Margaret Fisher
(b. 1898 Chicago d. 1990)
Education
University of Wisconsin; Art Institute of Chicago.
Selected Exhibitions
Museum of Fine Arts, Houston; Art Institute of Chicago; Milwaukee Art Institute, Wisconsin; St. Paul School of Art, Minnesota; Kalamazoo Institute of Arts, Michigan; Busch-Reisinger Museum, Harvard University.
Selected Public Collections
Art Institute of Chicago; Fogg Museum, Harvard University; Museum of Fine Arts, Houston; Museum of Fine Arts, Santa Fe; DeYoung Museum of Art, San Francisco.

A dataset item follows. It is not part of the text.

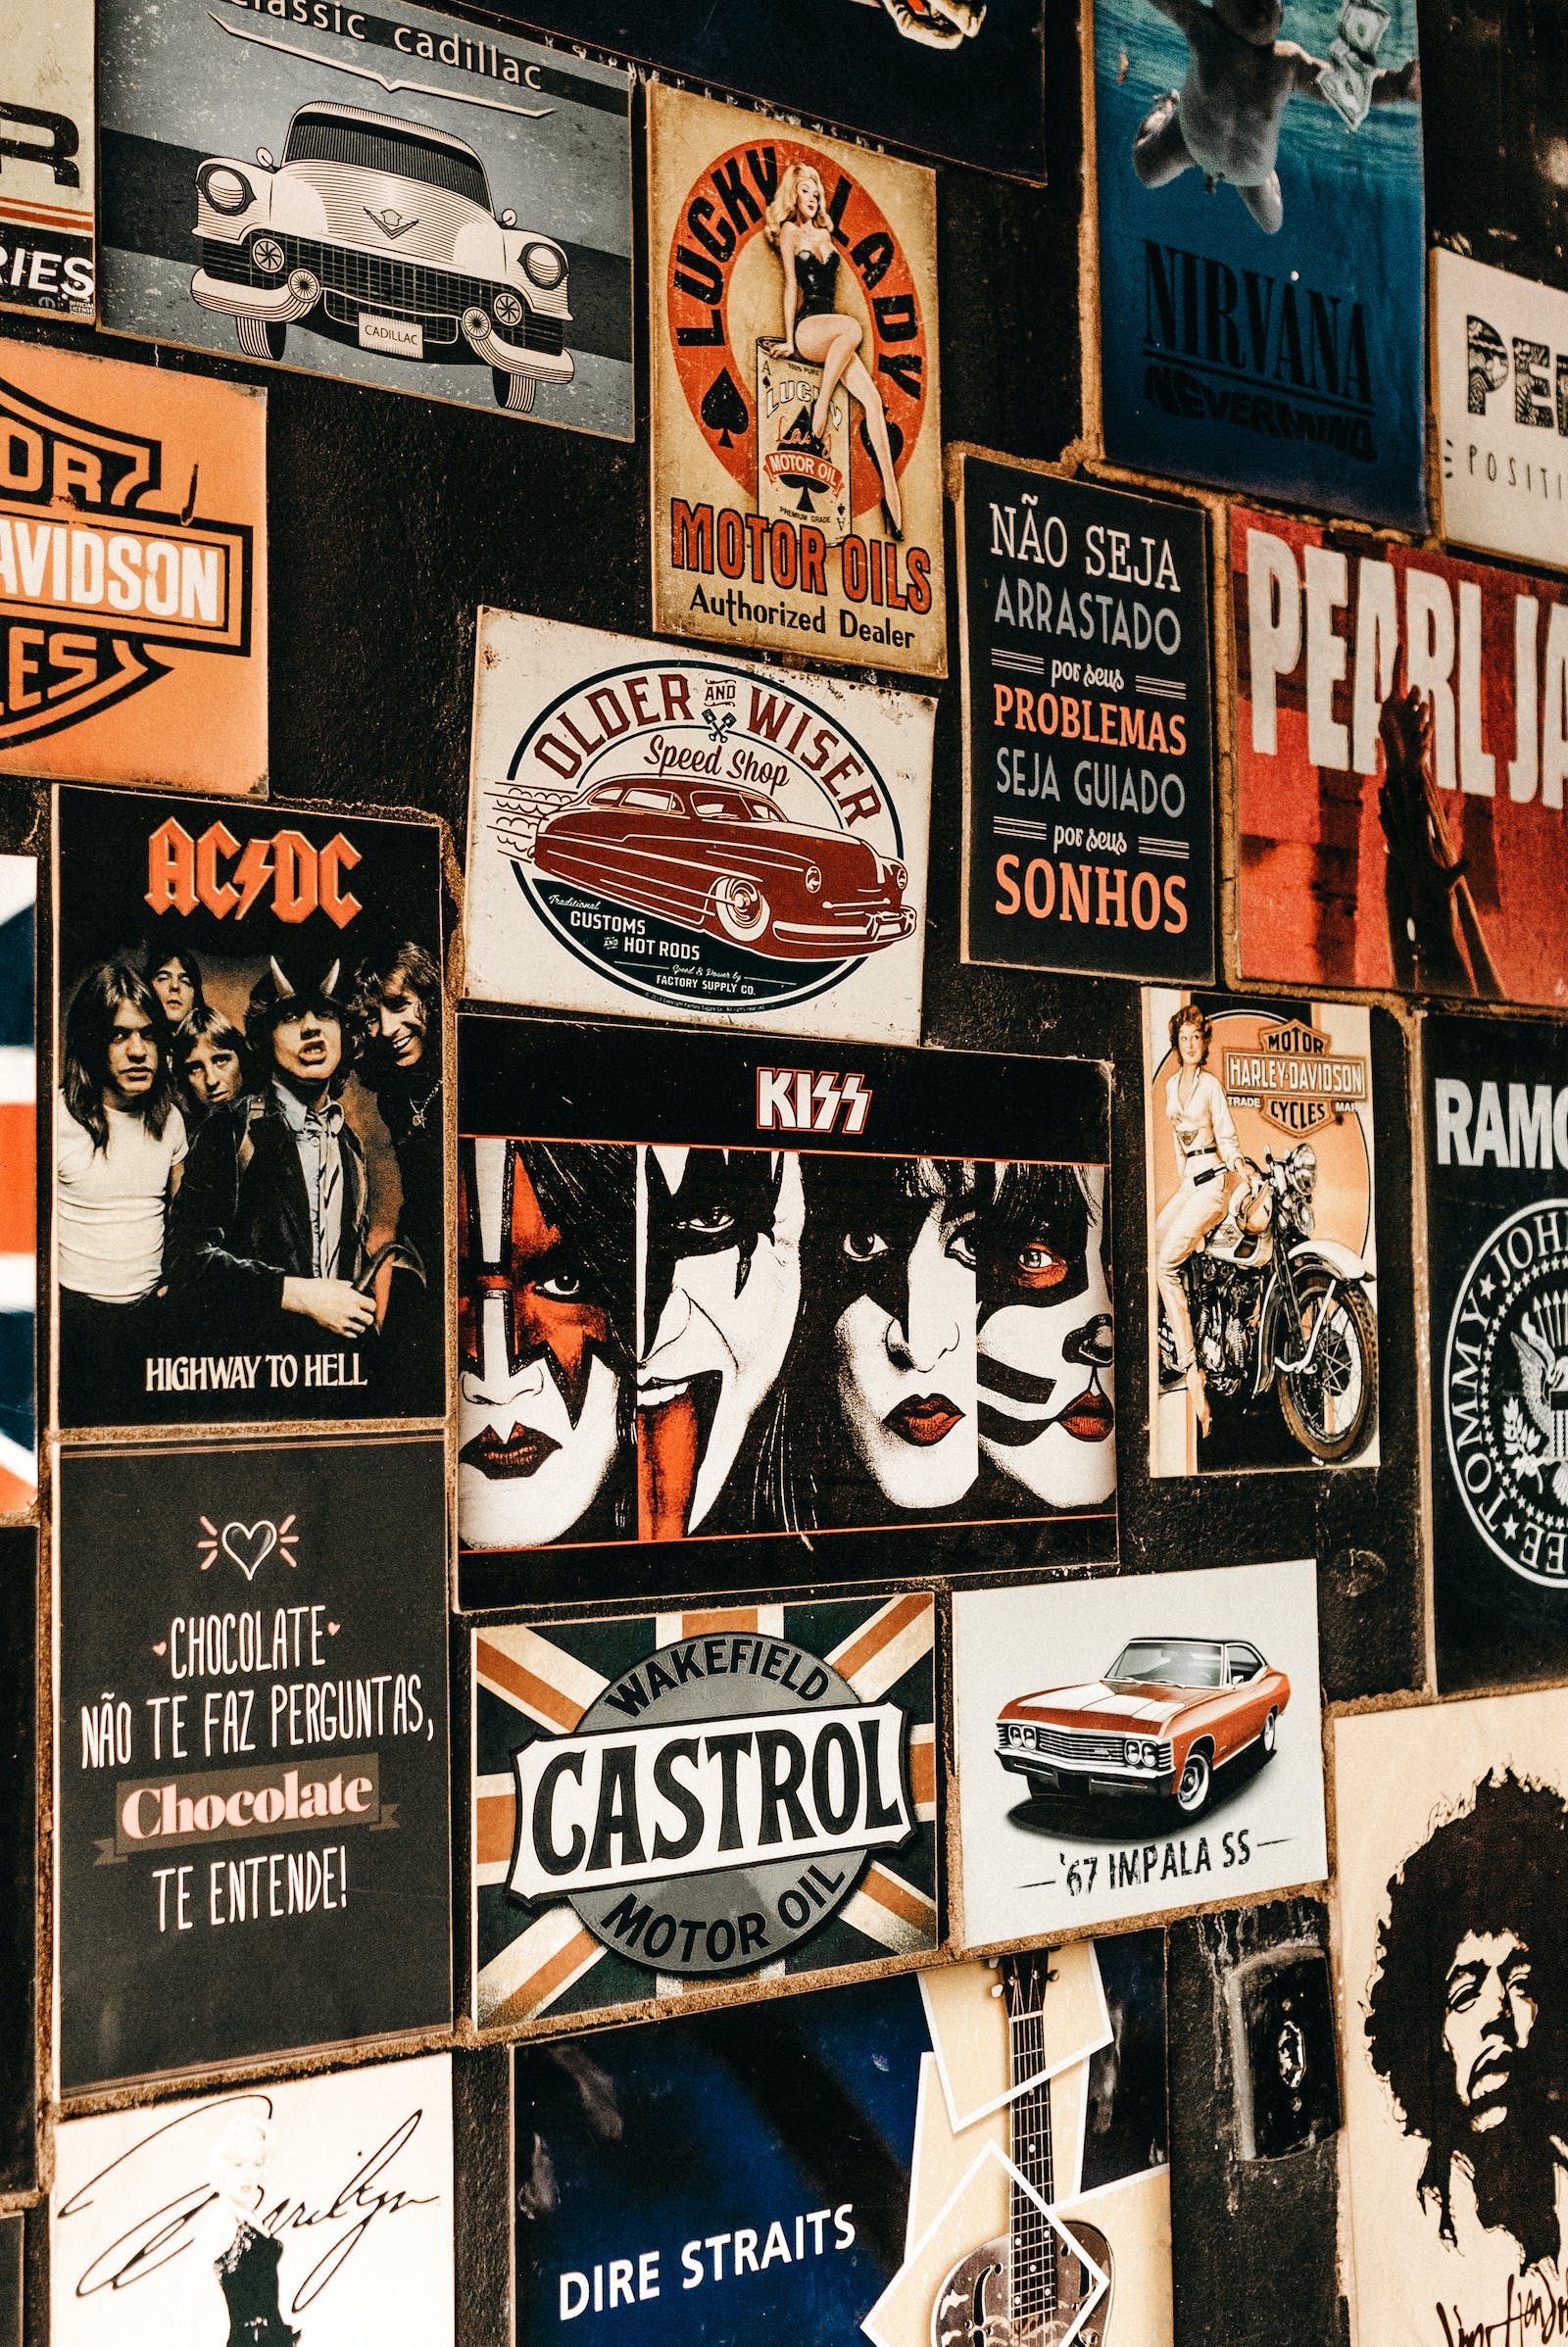 A wall displaying famous posters and advertisements

Margaret Fisher was a modernist painter, patron of the arts and life-long native of Chicago. She was a master of gesture and line, and her paintings remain fresh and dynamic today. Her father was Secretary of Interior under President Taft and the family traveled extensively. She was exposed to great art during these trips abroad, and following her graduation from the University of Wisconsin, Fisher began various studies in painting and sculpture. In 1923, she took courses at the Art Institute of Chicago. In 1924, she attended summer classes in Gloucester and Provincetown, and later that year, she studied drawing under Boardman Robinson at The Art Students League in New York. In 1927 she made a trip to Santa Fe, New Mexico to witness the Indian Dance Festival, and returned in 1936 to spend time with the writer Alice Corbin, her husband William Penhallow Henderson and her friend Mabel Dodge. Back at home on the family’s estate in Hubbard Woods, Winnetka, Fisher frequently painted with neighbors Norman MacLeish and Fairfield Porter.

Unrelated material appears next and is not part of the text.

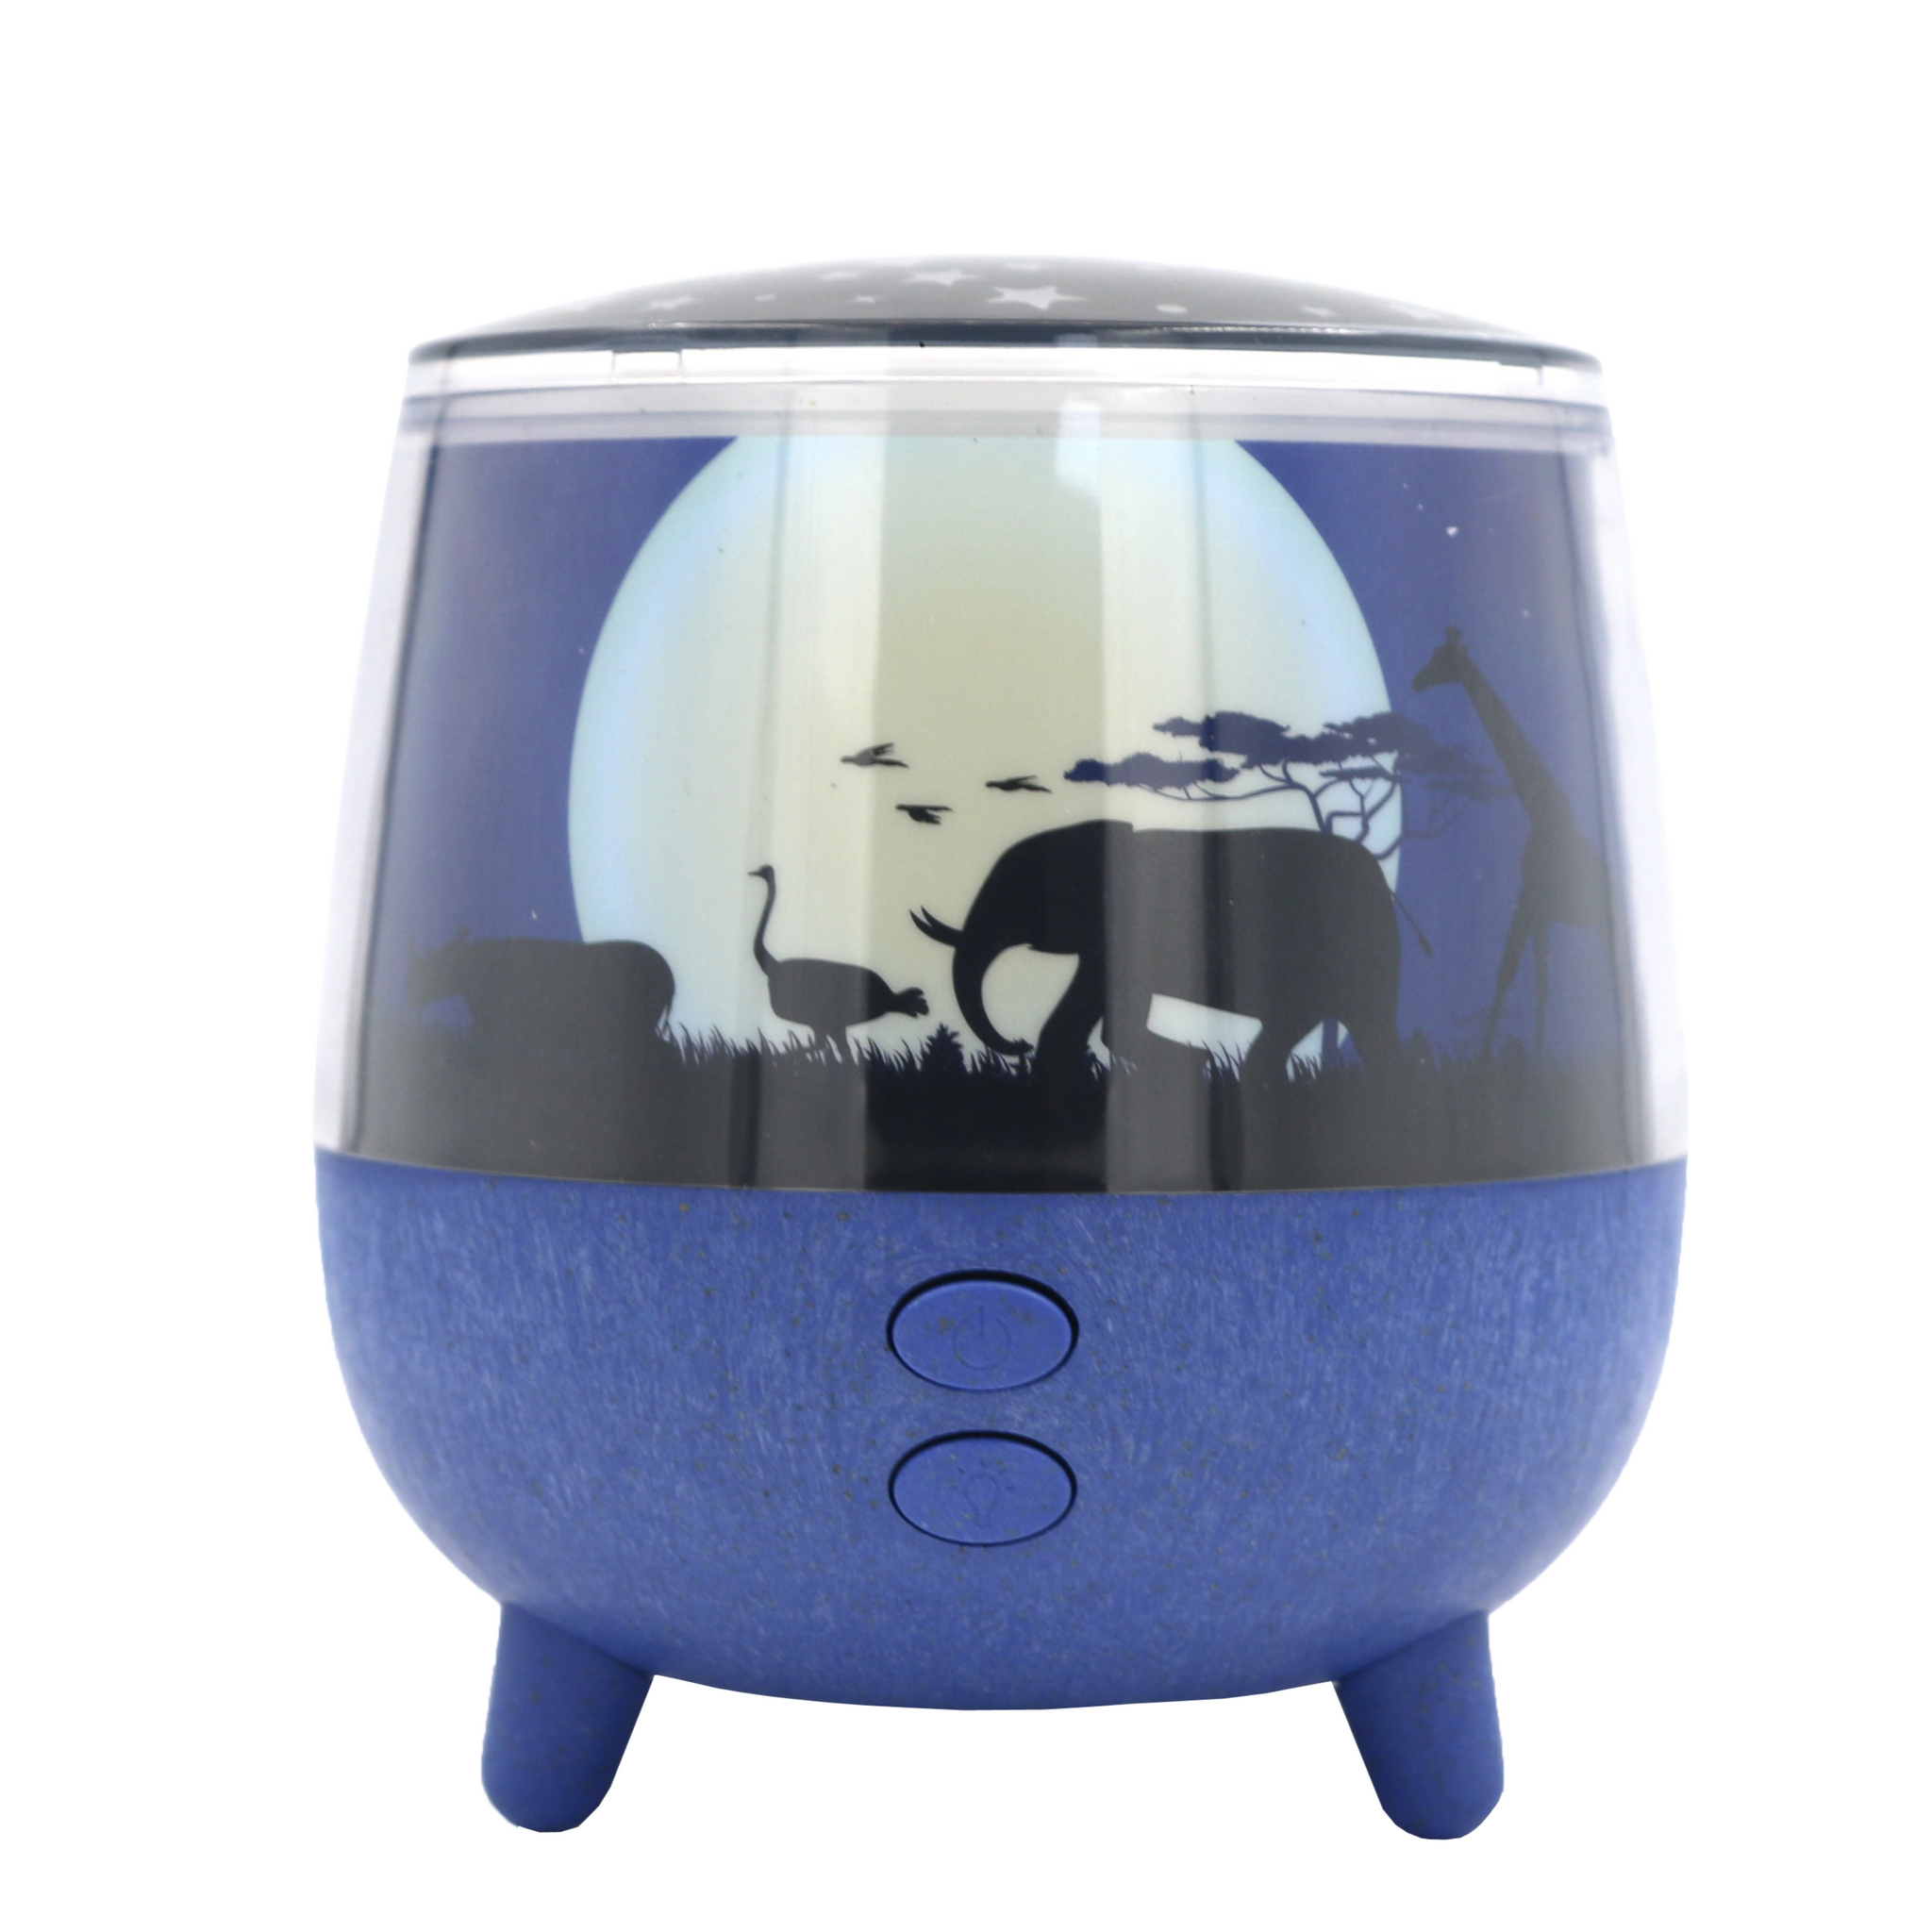 Le Comptoir Aroma - Lullaby Projection Essential Oil Diffuser

The works produced during the 1920’s and ‘30’s were primarily watercolors painted on location. She painted the fisherman on Cape Cod, the rolling hills of the Midwest with their barns and silos and the red hills of New Mexico. In the studio, she devoted her time to oil portraits and still lifes. These early works reveal her natural ease with color and composition. In 1938 she began to seek gallery representation, and had a one-woman show at Quest Galleries in Chicago in December of that year. She decided to try her luck in New York and approached several dealers, including Alfred Stieglitz who showed the work to his friend, Duncan Phillips. Phillips gave her a one-woman show of her watercolors at the Phillips Memorial Gallery in 1939.

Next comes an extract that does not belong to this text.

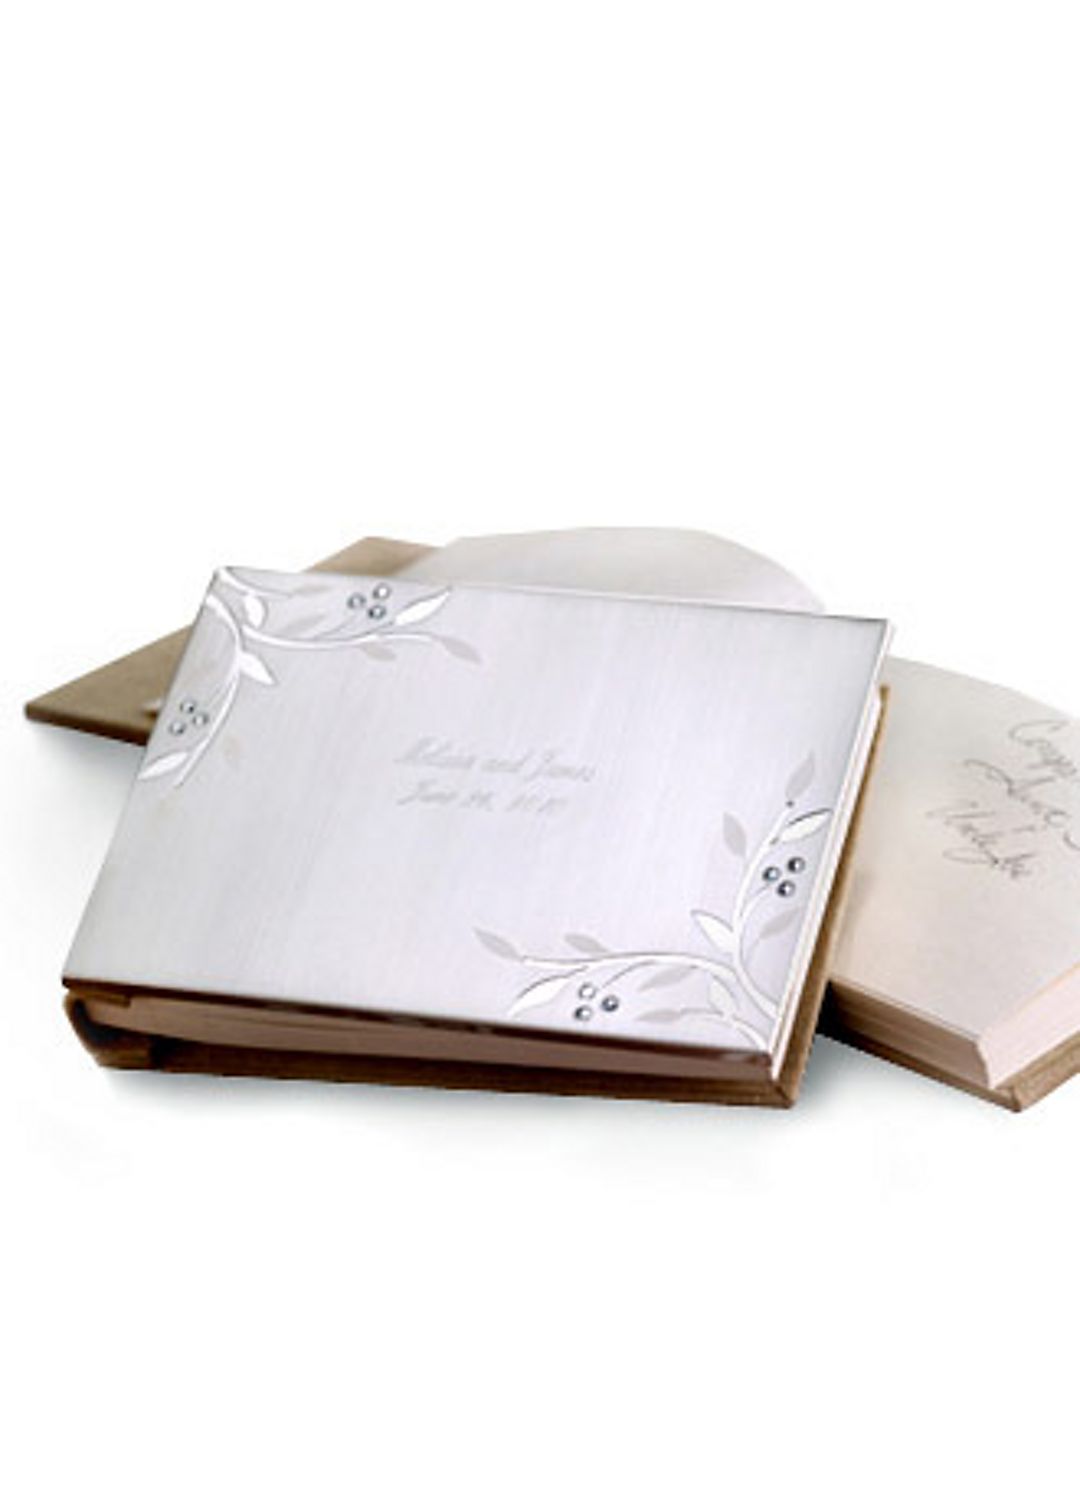 Personalized Nature's Love Guest Book Image 1

In 1941, Fisher began to experiment with abstraction and throughout the 1940’s and ‘50’s produced small, whimsical mixed media works on paper. It is in these small compositions that Fisher’s true voice is heard. These are an intimate experience, a personal conversation between viewer and artist. As Agnes Mongan, Curator of Drawings at the Fogg Museum wrote, “The lively and highly varied compositions reveal wit, energy, discovery, control and intelligence.” It is very rare to find such a body of artwork so coherent, fresh and vibrant.